A killer awaiting execution breaks jail and seemingly targets the local District Attorney. The lawman’s daughter writes a society page for the local newspaper, and soon her reporter boyfriend and the editor get involved…
Painfully thin and laboured early talkie that regurgitates almost every ‘old dark house’ cliché you can imagine and throws in a half-baked horror subplot to justify its title. It’s this apparently infamous villain who kicks the story into gear, escaping the chair by jumping from the prison wall onto a passing train and getting picked up from there by a circling bi-plane! Soon afterwards D.A. Willford Lucas gets a sinister telegram, asking for a late night meeting at his house and signed by the killer. When fast-talking Guinn Williams turns up at the appointed time, Lucas assumes that he’s the Phantom, as do the police. From there, it’s a complex and very ingenious…only, hang on for a dang minute! No, it’s not! Let’s get this straight. Lucas and the police both think Williams is the Phantom? Don’t they know what the Phantom looks like?! Wasn’t he on death row five minutes ago at the start of the film? I know they didn’t have the internet back then, but they did have newspapers – after all, several of the main characters apparently work for one!
Yes, Williams isn’t the Phantom at all; he’s actually a reporter looking for a story while he secretly romances the D.A.’s pretty daughter (Arlene Ray). She’s also the target of the amorous intentions of the tabloid’s smarmy editor Niles Welch (ooh, suspicious!) Other possible suspects (because no one knows what the Phantom looks like, remember!) include the sinister butler (yawn) and the head of a nearby lunatic asylum (that only seems to have one patient). Unfortunately, the ‘comedy’ servants are also in attendance; housemaid Violet Knights (actually the director’s real-life sister) and chauffeur Bobby Dunn. What we don’t get is any kind of musical soundtrack, the action (if you can call it that!) being accompanied by the endless thumping of the cast’s feet on the hollow floor of the set.

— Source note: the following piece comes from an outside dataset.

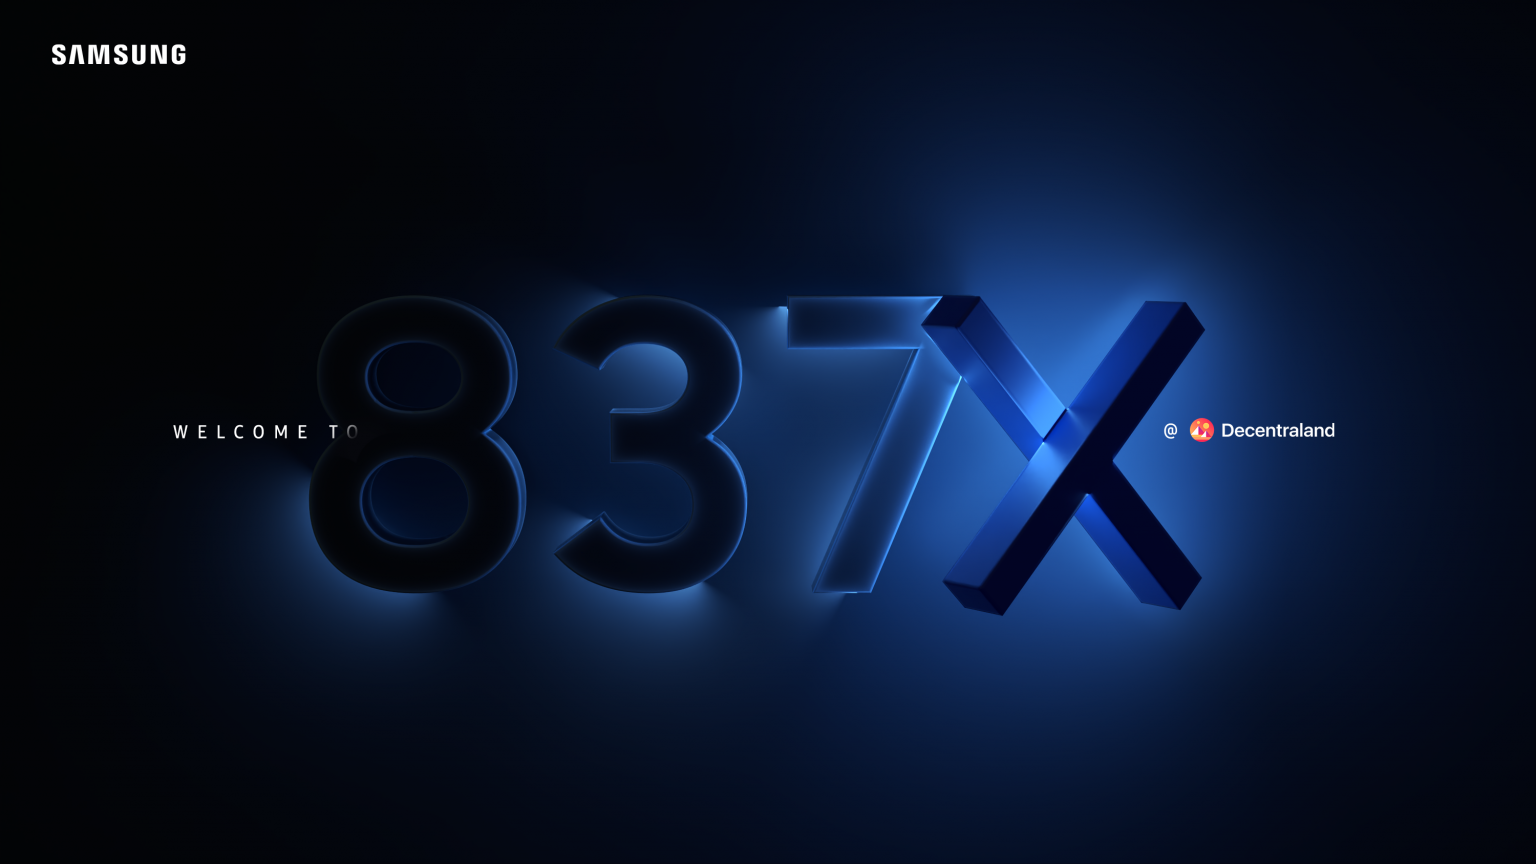 Samsung presenta una nueva experiencia para los fanáticos del metaverso con Samsung 837X

Such limitations could be forgiven if the mystery was remotely engaging or if it made any sense! Motivations of key characters remain vague throughout and logic takes a back seat early on. There’s also the usual array of secret passages, clutching hands, revolving bookcases, a stupid flat-foot (Tom O’Brien) and a killer who walks around with a cloak held over the lower part of his face cackling manically. Why does he do that? Search me. I have no idea.
The credit (or blame!) for all this rests firmly on the shoulders of writer Alan James, who also directed under his regular pseudonym of Alvin J. Neitz. His career mostly comprised dozens of Westerns but he was also involved with a couple of notable serials: ‘Dick Tracy’ (1937) with Ralph Byrd and ‘S.O.S. Coastguard’ (1937) with horror icon Bela Lugosi. Arlene Ray grew up busting broncos on a ranch outside San Antonio and starred in several silent serials, often doing her own stunts. Unfortunately, her career couldn’t survive the transition to talkies. Further down the cast list (and billed as ‘The Thing’!) is Sheldon Lewis, an actor who took both title roles in cheap quickie ‘Dr Jekyll and Mr Hyde’ (1920), a film made entirely to cash in one the far more lavish production of the same year that starred screen legend John Barrymore.

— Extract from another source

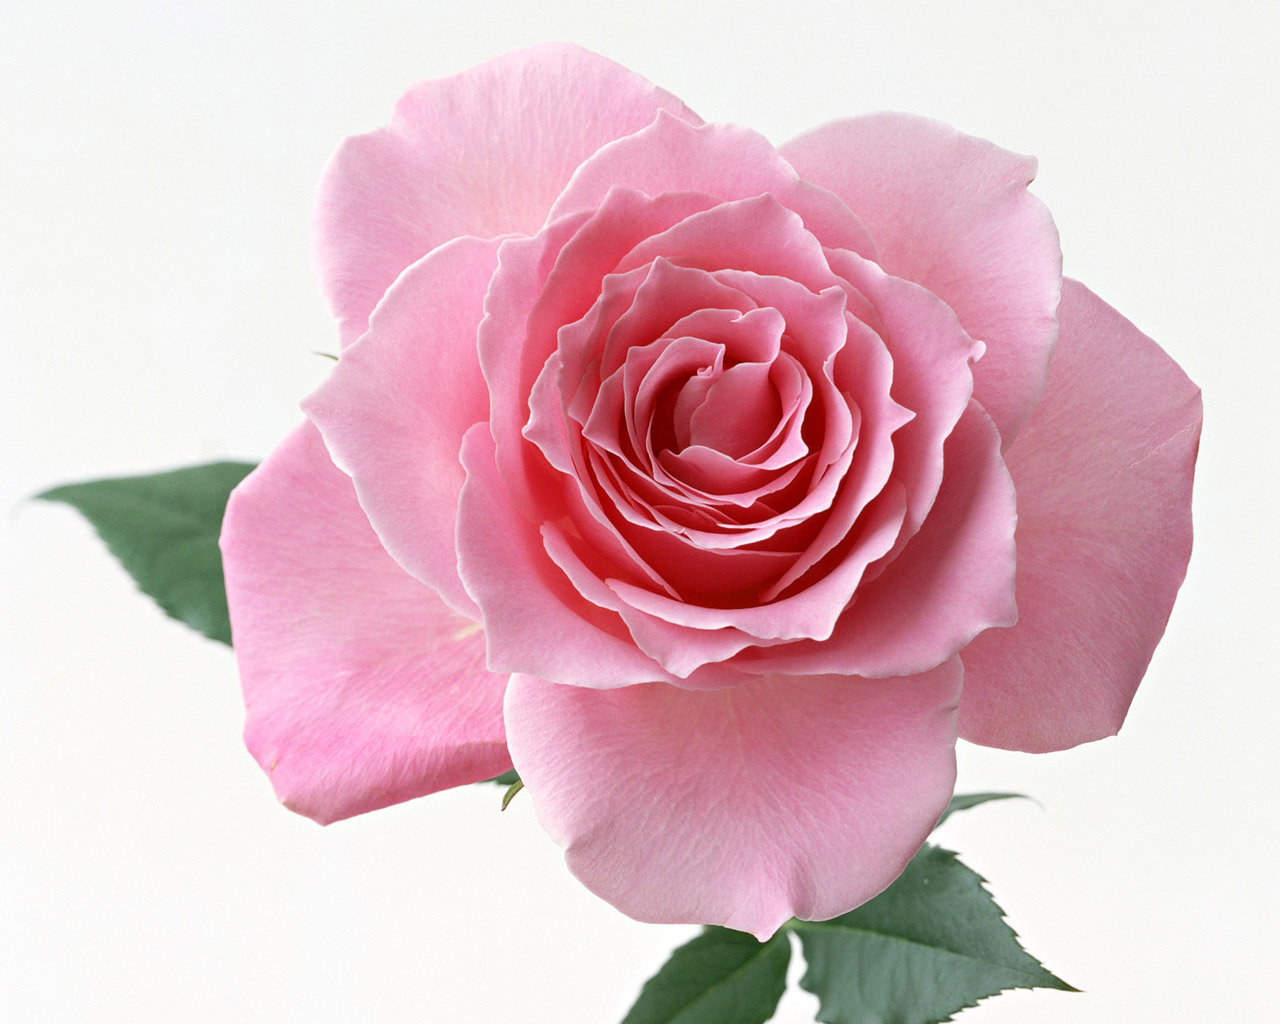 Vẽ hoa hồng xanh đẹp như mơ là một trải nghiệm tuyệt vời cho những ai yêu thích nghệ thuật. Hình ảnh của những bông hoa hồng xanh sẽ chinh phục trái tim bạn với sự tươi mới và độc đáo. Hãy dành thời gian để chiêm ngưỡng một tác phẩm nghệ thuật đầy mê hoặc và thưởng thức sắc màu tinh tế của vẽ hoa hồng xanh.

But the big success story here was Williams. Beginning as a rodeo rider and pro-baseball player, his started out in silent comedies with Will Rogers, who dubbed him ‘Big Boy’. ln the 1940’s he adopted that moniker as part of his official ‘stage’ name, and embarked on a series of Westerns, mostly playing grizzled old sidekicks to major stars like Errol Flynn, Gary Cooper, John Wayne, Roy Rogers and Robert Mitchum.
A highly stilted and tiresome mystery that will try the patience of all but the most hard core enthusiast of the genre.